I've never wanted do disassociate myself so much from business students.
As I came back from my exchange, I couldn't help to start noticing certain traits common to most business students that I've encountered:
Yes, we get it. You're a business student that has internships and a job lined up so you're extremely busy. You're so busy you can't meet for group works. You're so busy that you have to get up at 5 in the morning. Like a rooster, you also have to let everyone around you know that you're up early, that you're super ambitious, and that you're inevitably, one day, going to be extremely rich. Your ego doesn't fit through the door, and why should it? After all, you're going to obtain that precious bachelor degree soon enough.
Soon, you'll be entitled to boss around those poor employees trying to make a living. Soon, you'll be bossed around yourself. You'll hate it. It will make you angry. You'll take that anger and dump in on your friends. You'll swim in it like a fish in nuclear waste. It will consume you. Yet for some reason, you're proud that you're so busy. Somehow, this makes you better than others. Those peasants aren't busy. They don't wake up at 5 in the morning. They must be lazy. You don't understand how these people don't have the drive to succeed, how they can possibly let themselves go and... relax?
2. Stress is Good?
This is one thing I'm never going to understand. Business students always work on projects at the last second. I can only assume because if they didn't it would break their mental image of super busy people with many, many things to do. Honestly, they might be the busiest students, but they aren't the most productive ones. Someone should teach them the value of splitting up work into smaller tasks (which is really something you'd assume business students would be good at).
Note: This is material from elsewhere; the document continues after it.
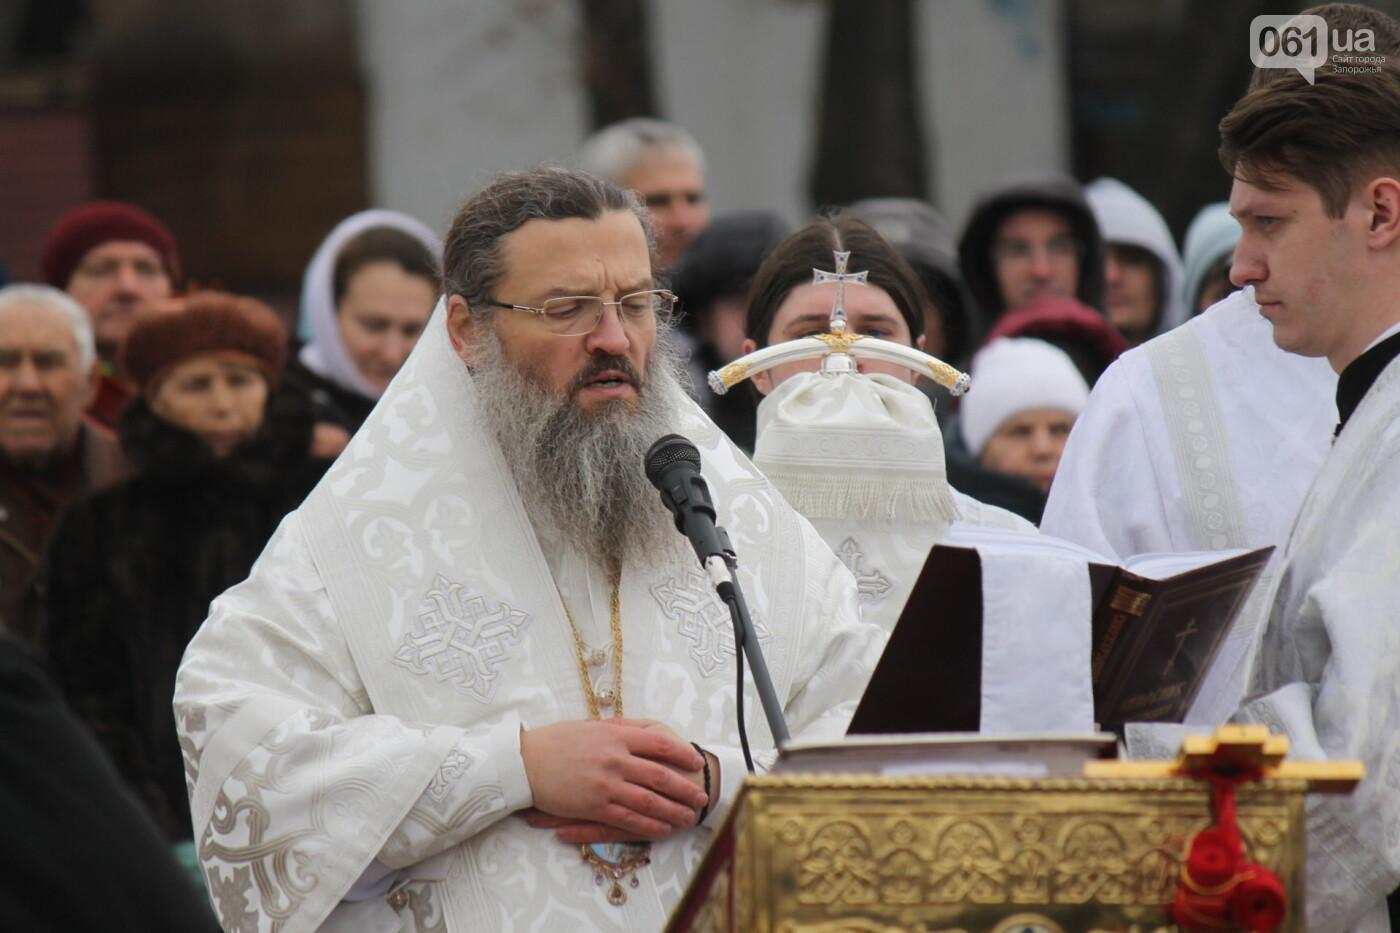 Как в Запорожье массово отметили Крещение на Центральном пляже, – ФОТОРЕПОРТАЖ, фото-6

Another aspect of their stressful life is their neuroticism during exam periods. It's as if they enjoyed being stressed and complaining about how hard they had to study for this exam. They form clubs of stressors. They post garbage on social media about how tough student life is and how they are going to fail everything. All of this instead of just sucking it up, studying a bit each day (with no distractions) and actually listening in class.
3. Life Goals
I've asked a few of them about their life goals. Needless to say, I'd much rather hear "I don't know" (which is my answer) than their "to be filthy rich". What drives them to study is their ambitions of a future paycheck. They don't have any interest in accounting. How could they? That has to be the most boring job on the planet. But it pays the bills. It pays them well. Because of that, they become void of all interests that aren't related to their program of study. They have no hobbies, no passions and no desire to learn something 'useless'. They become extremely narrow minded and look down upon those who dare use their imagination or suggest something less lucrative for the sake of fun.
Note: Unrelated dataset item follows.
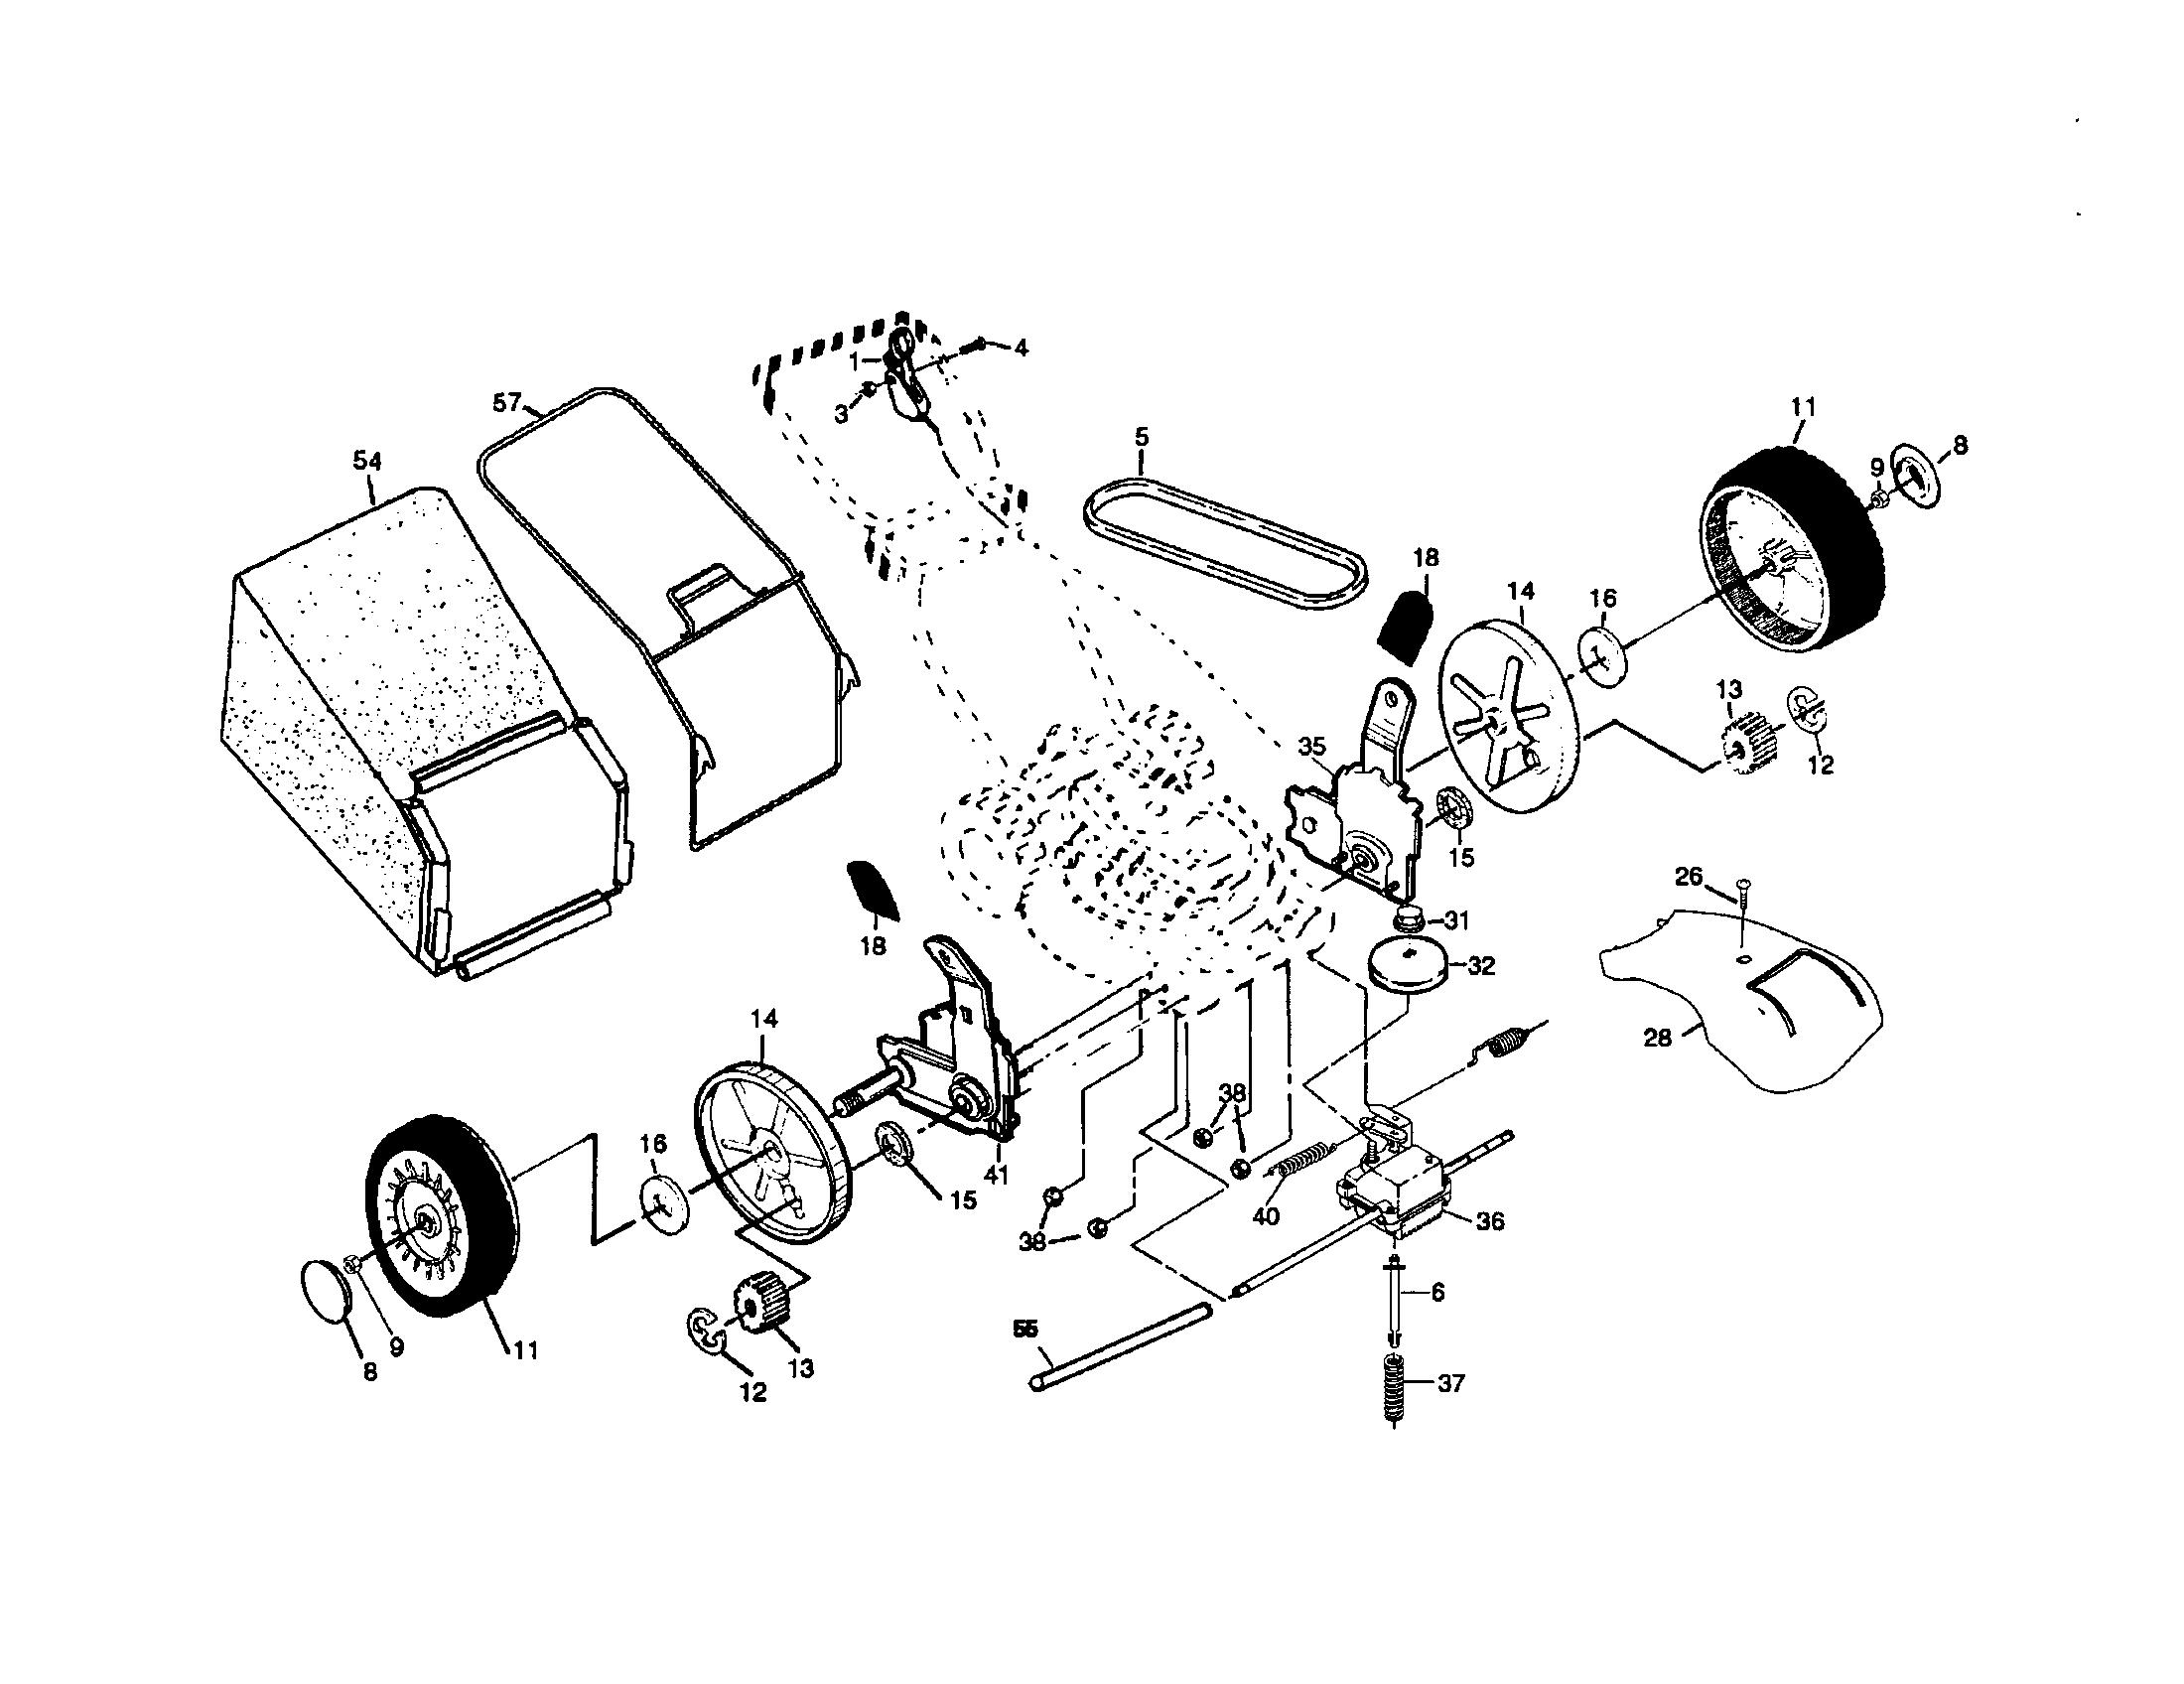 TRANSMISSION/WHEELS/BAGGER Diagram & Parts List for Model

Some of them will argue that they do have fun. They'll say "I go out with friends all the time". We all know what that means though. "My friends and I have nothing better to do than to drink our self-induced stress away because we actually have no mutual interests" would probably be an equivalent statement. This brings us to our next topic, friendship.
4. Friendships
Being friends with a business student ironically enough feels like a business deal. They will be friends with you as long as they can have some kind of benefit from your friendship. There are countless people that have lost contact with me because they no longer needed my help (whether it be notes or even moral support). These people were so friendly when we had class together. So eager to share and compare our notes and grades. They still act friendly if you run into them, but deep down, you know that there has never been any real friendship. I don't know why I'm surprised though. These are the same people that label "meeting new people" as "establishing new connections and expanding our network". Truth be told I didn't really miss any of these 'business friends' while my stay in Sweden. I can guarantee that they didn't miss me either. Some of them didn't even know I was gone.
If you take it one step further and attempt to date one of them, you might be in for a big surprise. If you're a guy, she might be extra flirty to get some notes. She might even suggest you "study together" which normally just means coffee date. Not with them it doesn't. While looking at couples at a business school I can only wonder if they compare their investment portfolios instead of foreplay.